If I want to set these specifically for individual jobs, is this valid:
conf.set("mapred.tasktracker.map.tasks.maximum", 10)
(I have not see this kind anywhere)
or only through commandline argument
such as -D mapred.tasktracker.map.tasks.maximum=10
(This seems to be more common usage)
Solution 1: Create a BaseJob class:
public abstract class BaseJob extends Configured implements Tool {
// method to set the configuration for the job and the mapper and the reducer classes
protected Job setupJob(Transformation transformation, final Configuration conf) throws Exception {
//Get the job object from the global configuration
Job job = new Job(conf);
//Set the transformation specific details
if(transformation.getMapperClass() != null)

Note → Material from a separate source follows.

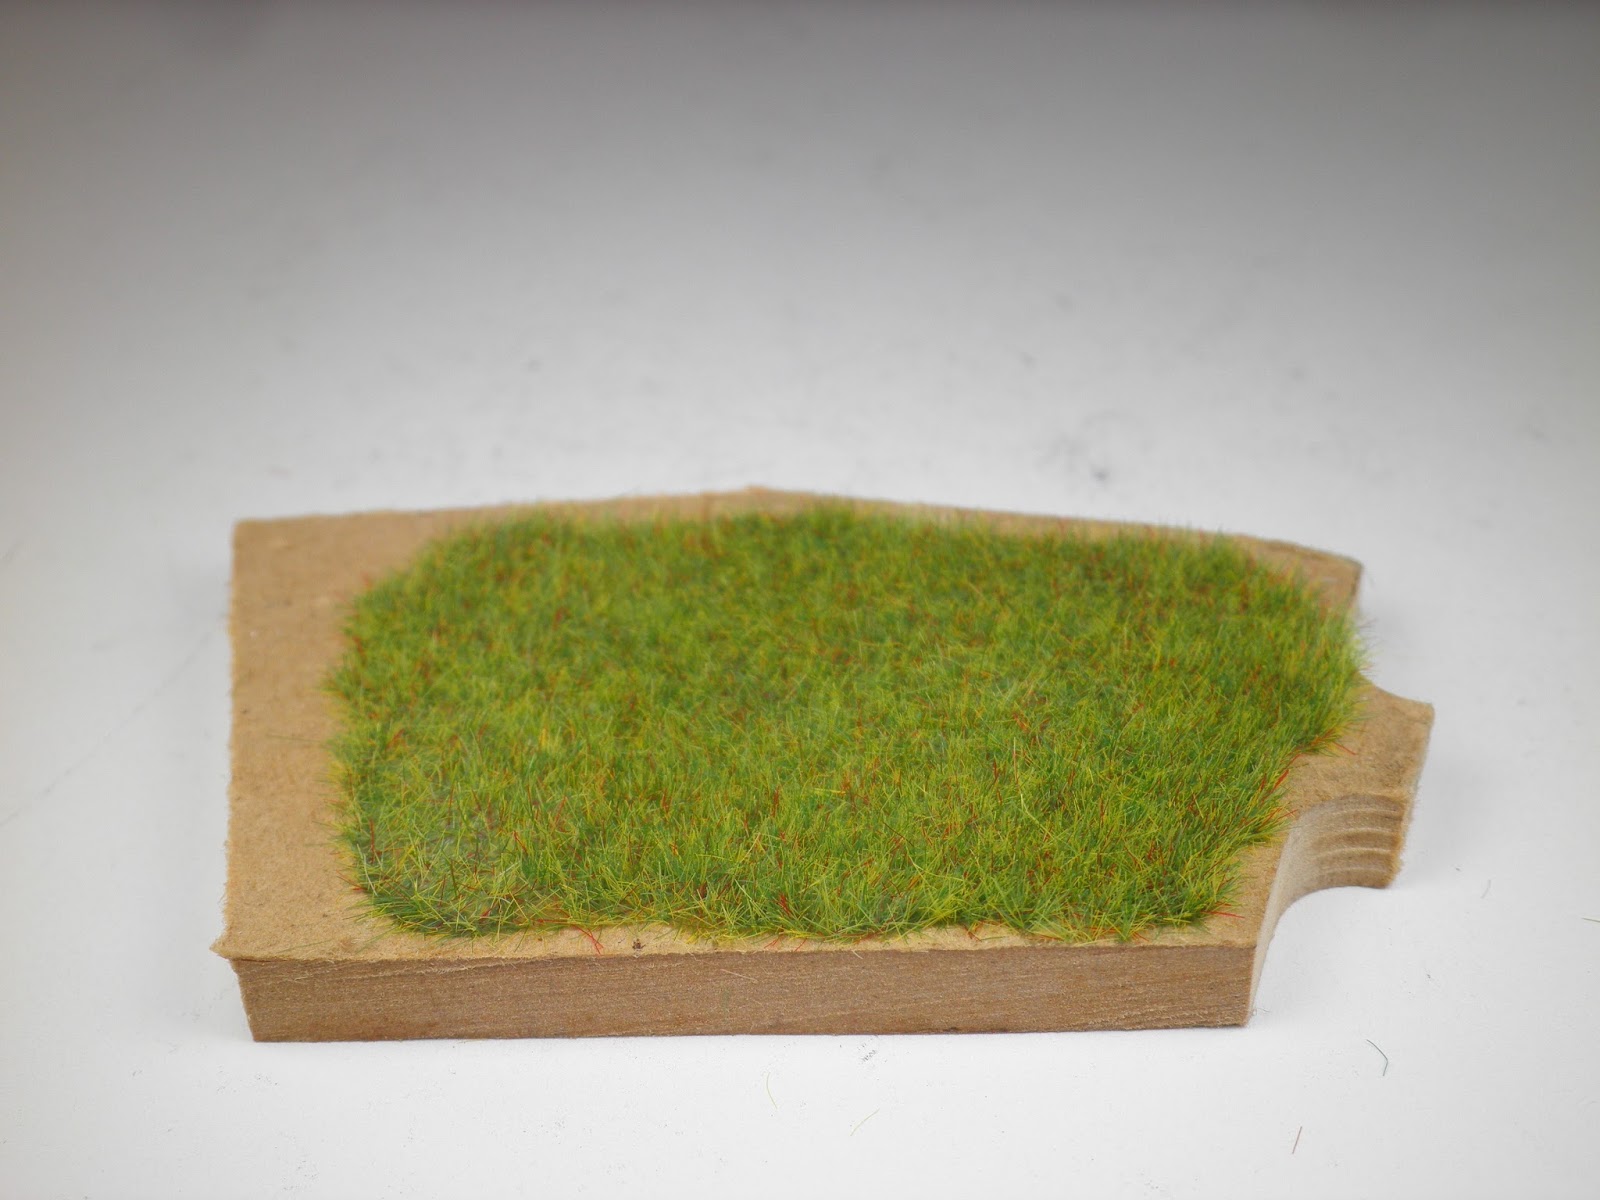 Benno's Figures Forum • DIY static grass applicator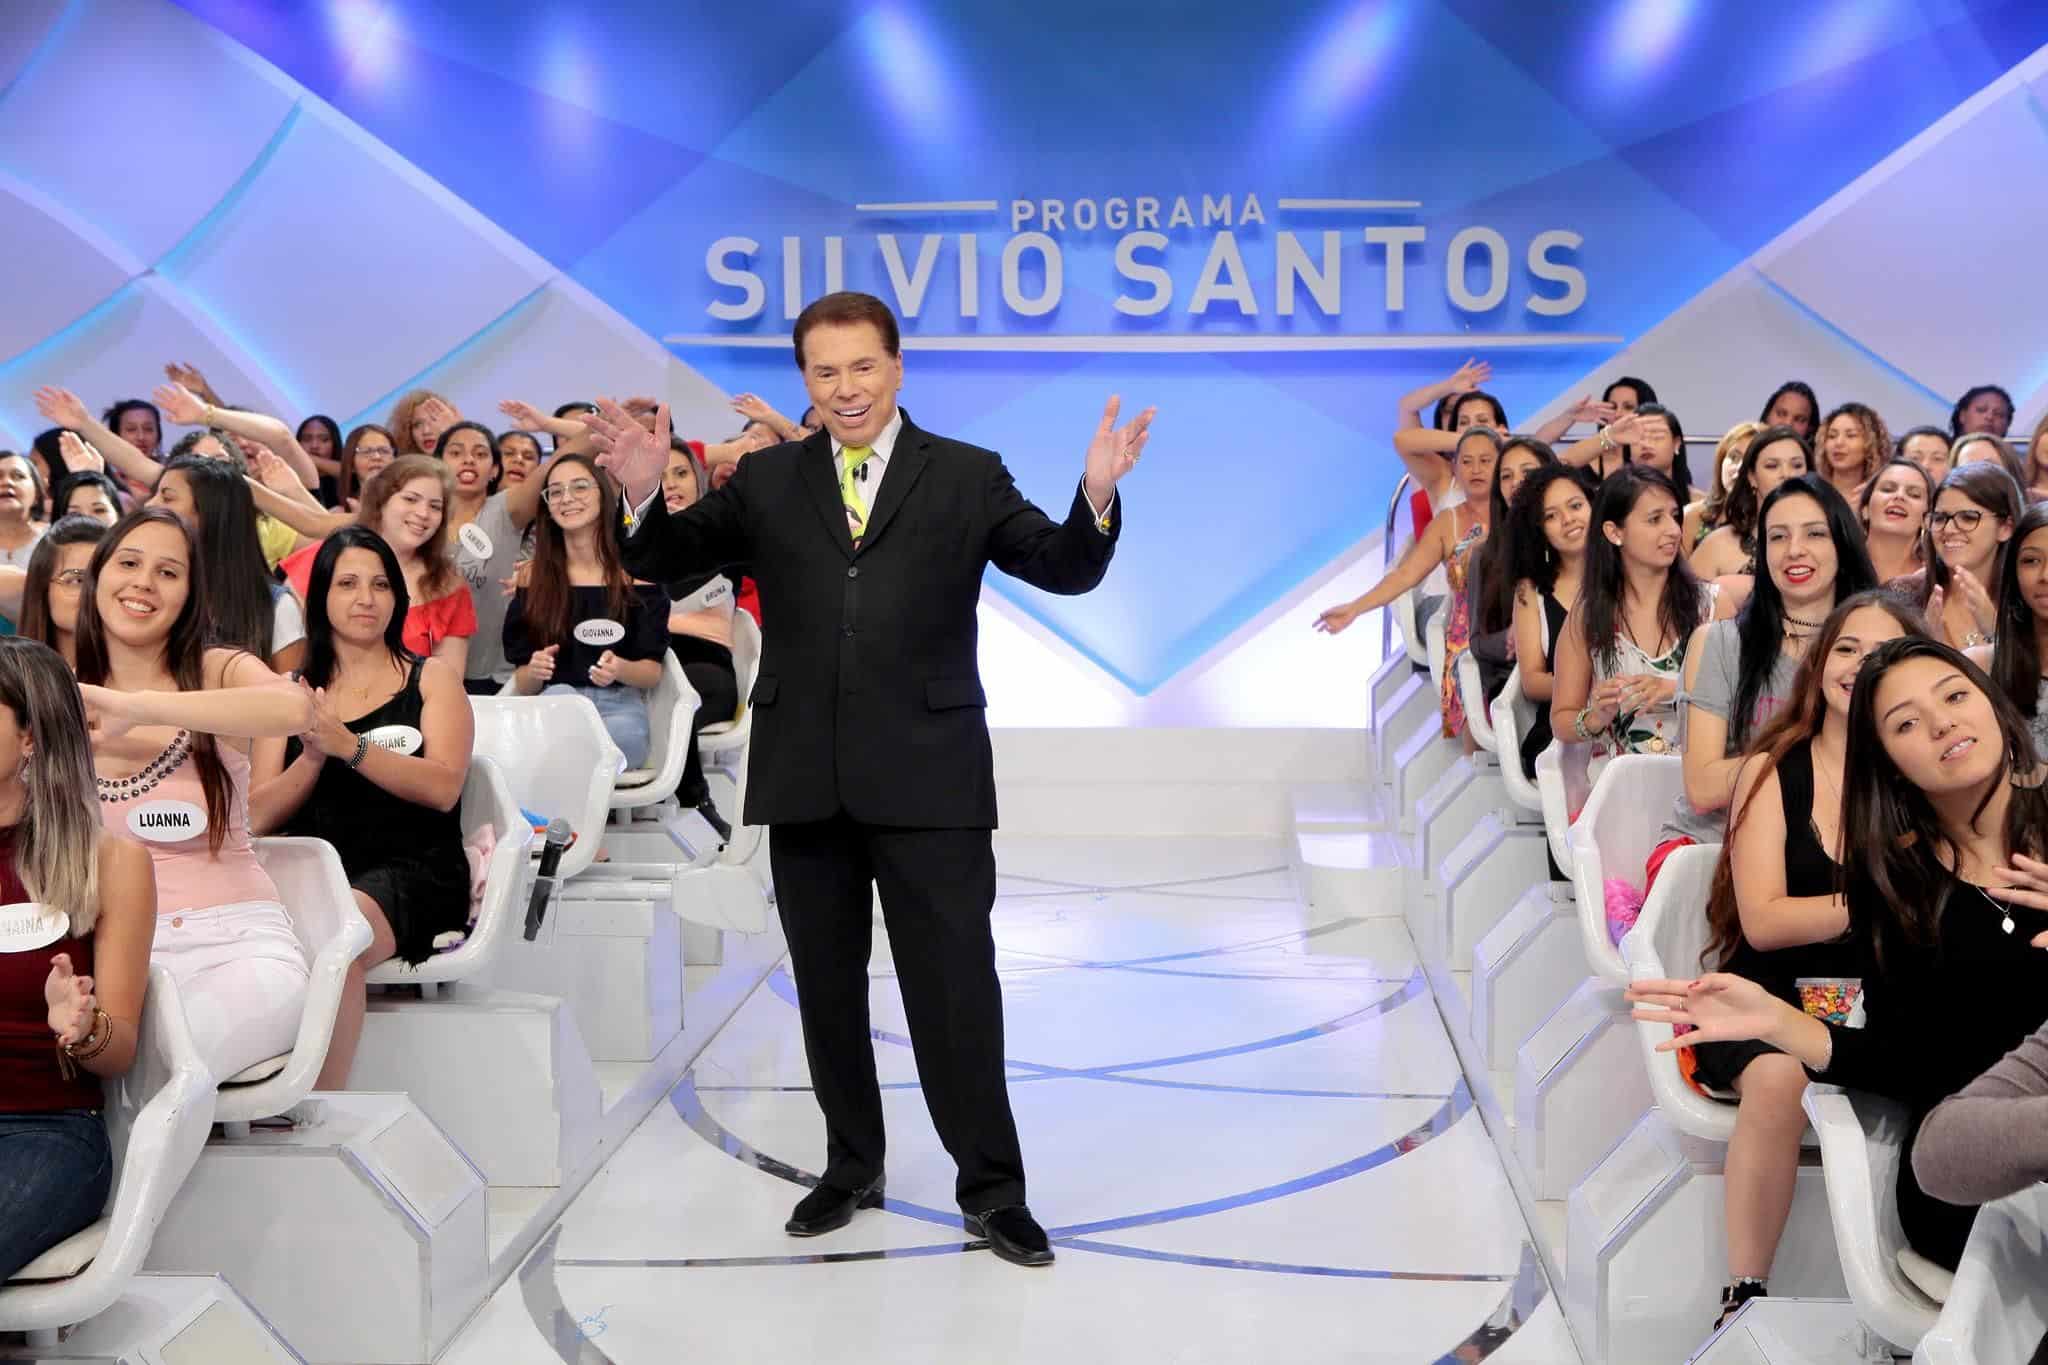 Silvio Santos avalia 2017 e se diz otimista: “O Brasil já está levantando o voo”

job.setMapperClass(transformation.getMapperClass());
if(transformation.getReducerClass() != null)
job.setReducerClass(transformation.getReducerClass());
if(transformation.getMapOutputKeyClass() != null)
job.setMapOutputKeyClass(transformation.getMapOutputKeyClass());
if(transformation.getMapOutputValueClass() != null)
job.setMapOutputValueClass(transformation.getMapOutputValueClass());
if(transformation.getPartitionerClass() != null)
job.setPartitionerClass(transformation.getPartitionerClass());
if(transformation.getSortComparatorClass() != null)
job.setSortComparatorClass(transformation.getSortComparatorClass());
if(transformation.getGroupingComparator() != null)
job.setGroupingComparatorClass(transformation.getGroupingComparator());
if(transformation.getInputFormatClass() != null)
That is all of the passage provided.